# What the task asks
Reproduce exactly the lines below from the one containing "Cвеча ароматическая Millefiori" through the one containing "modern chair rail", including both, and nothing else.

# Entries provided

———

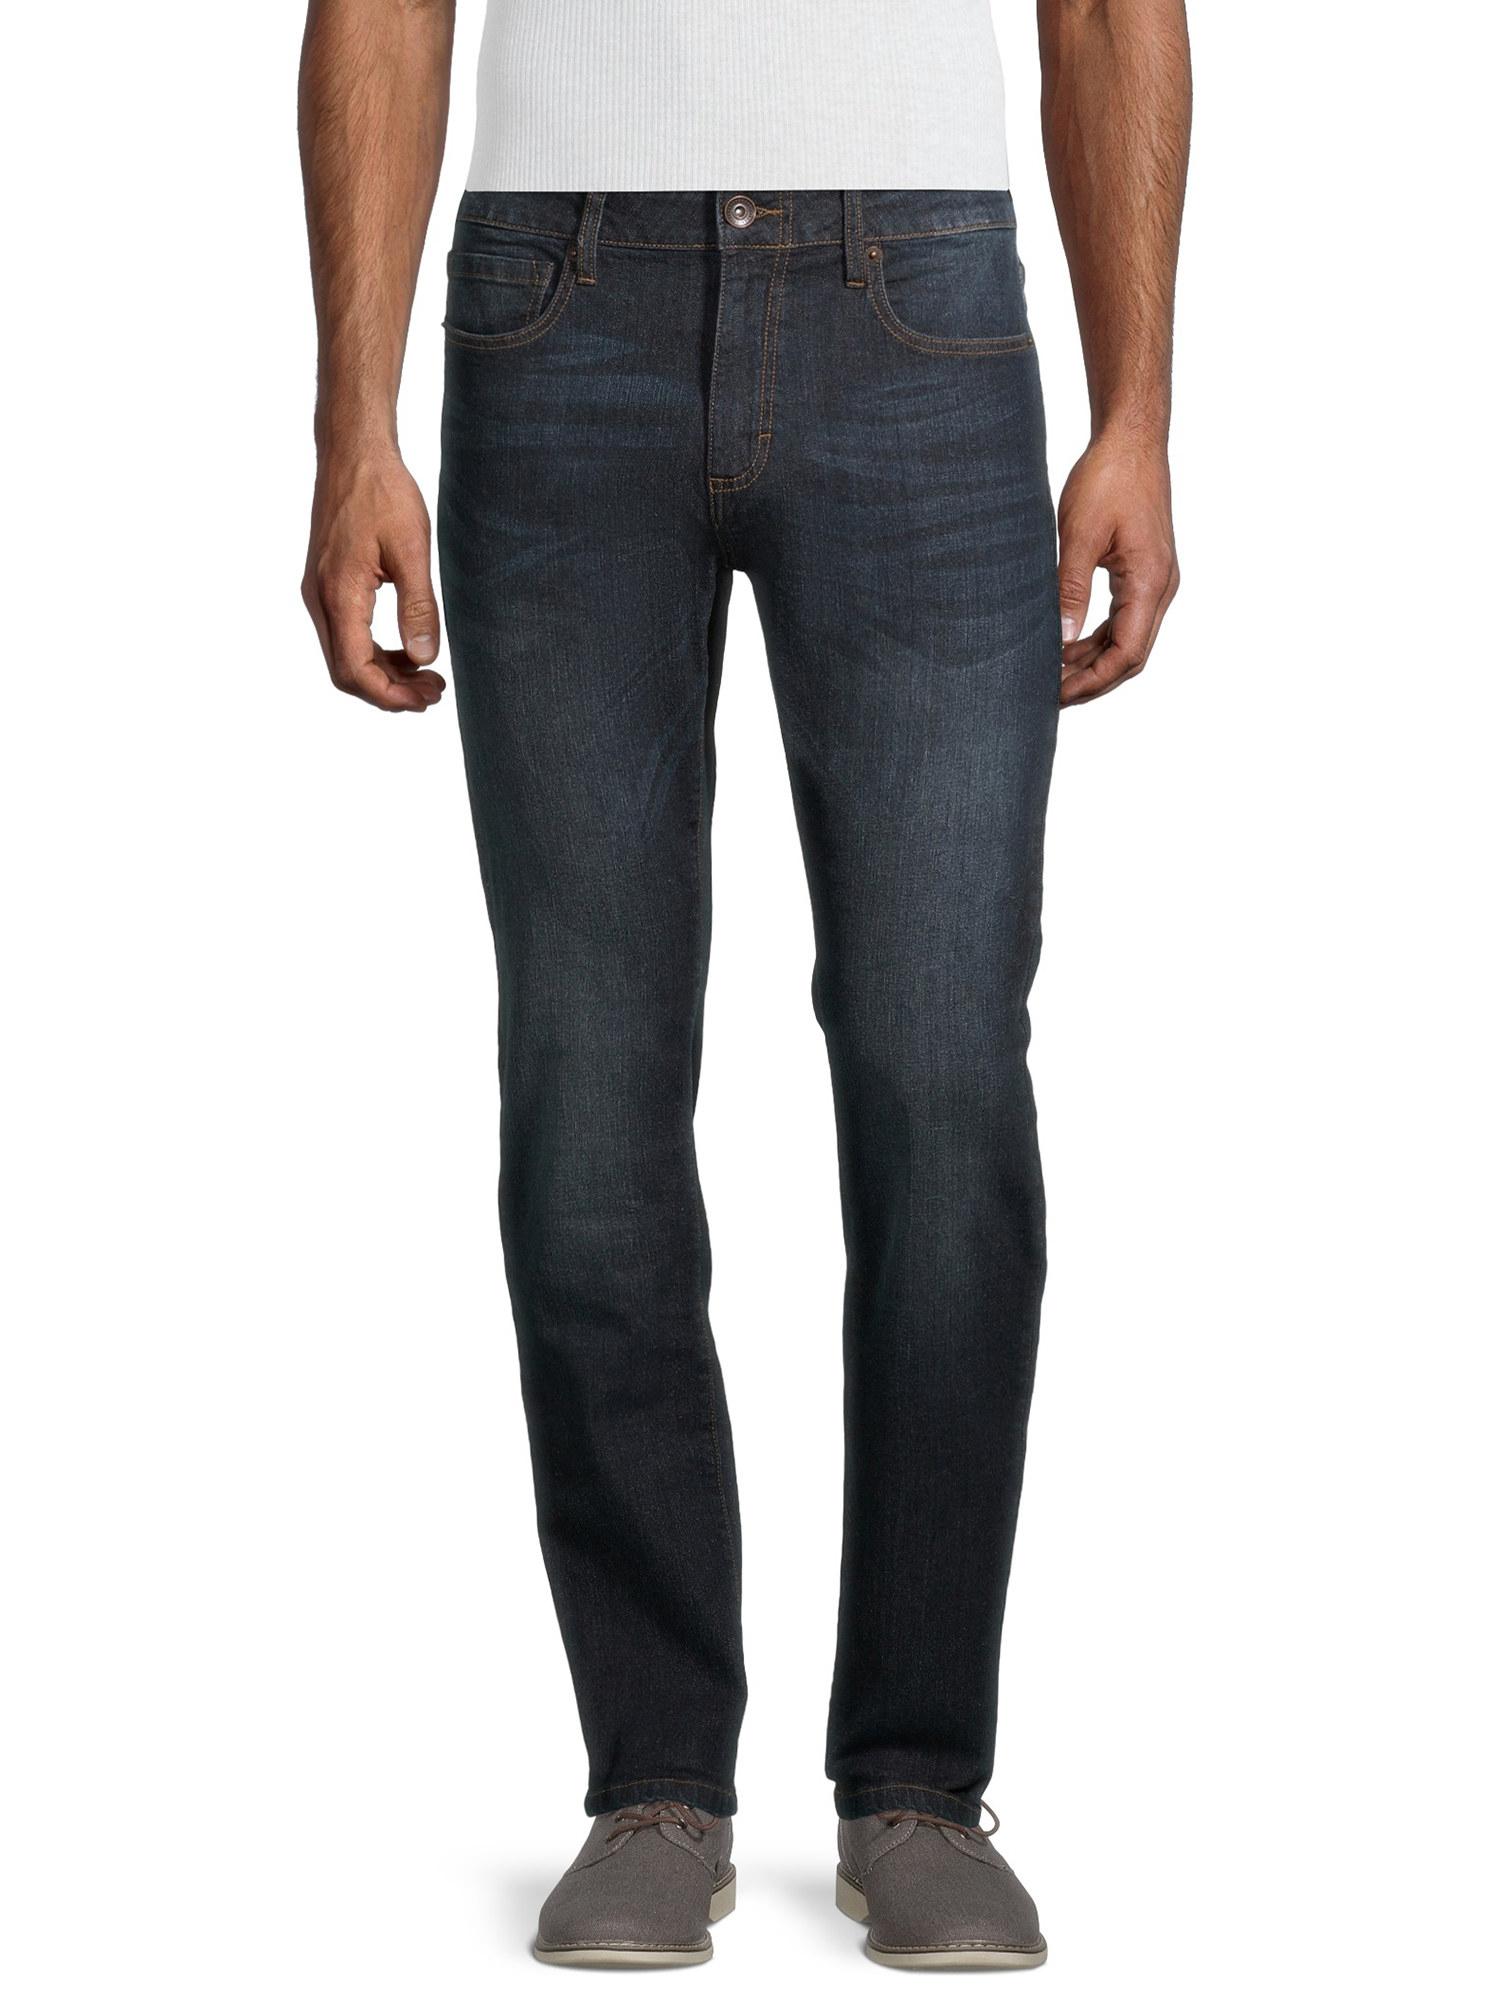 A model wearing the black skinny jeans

———

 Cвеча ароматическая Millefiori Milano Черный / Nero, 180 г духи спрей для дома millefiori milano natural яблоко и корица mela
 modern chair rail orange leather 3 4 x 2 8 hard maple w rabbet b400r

———

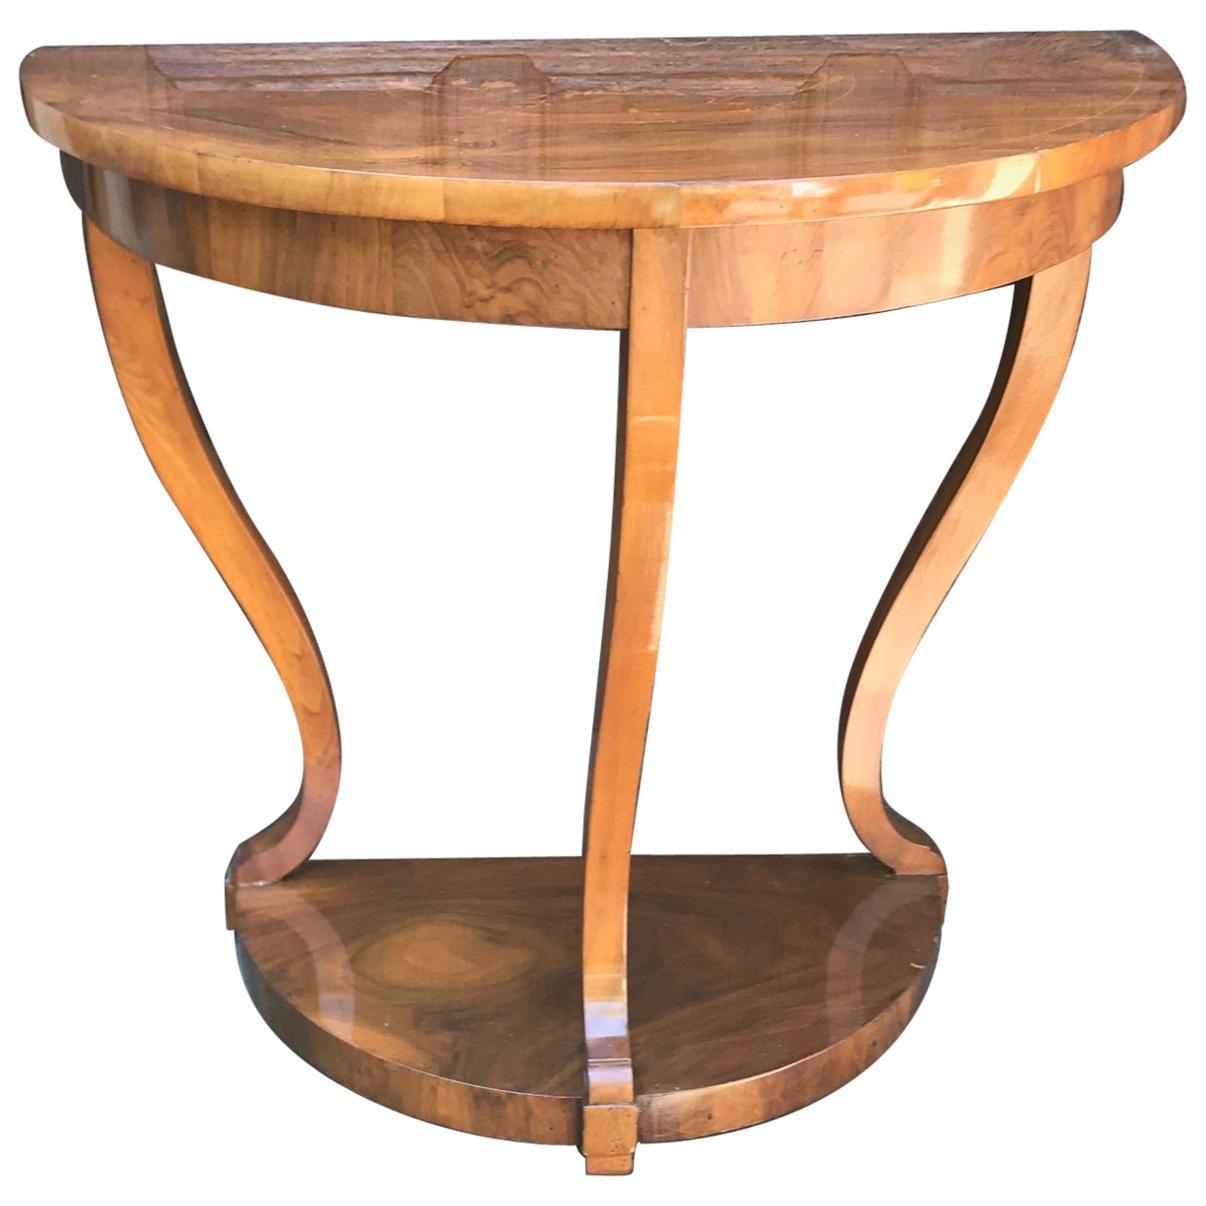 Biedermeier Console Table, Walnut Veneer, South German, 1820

———

# Response to the exercise
 Cвеча ароматическая Millefiori Milano Черный / Nero, 180 г духи спрей для дома millefiori milano natural яблоко и корица mela
 modern chair rail orange leather 3 4 x 2 8 hard maple w rabbet b400r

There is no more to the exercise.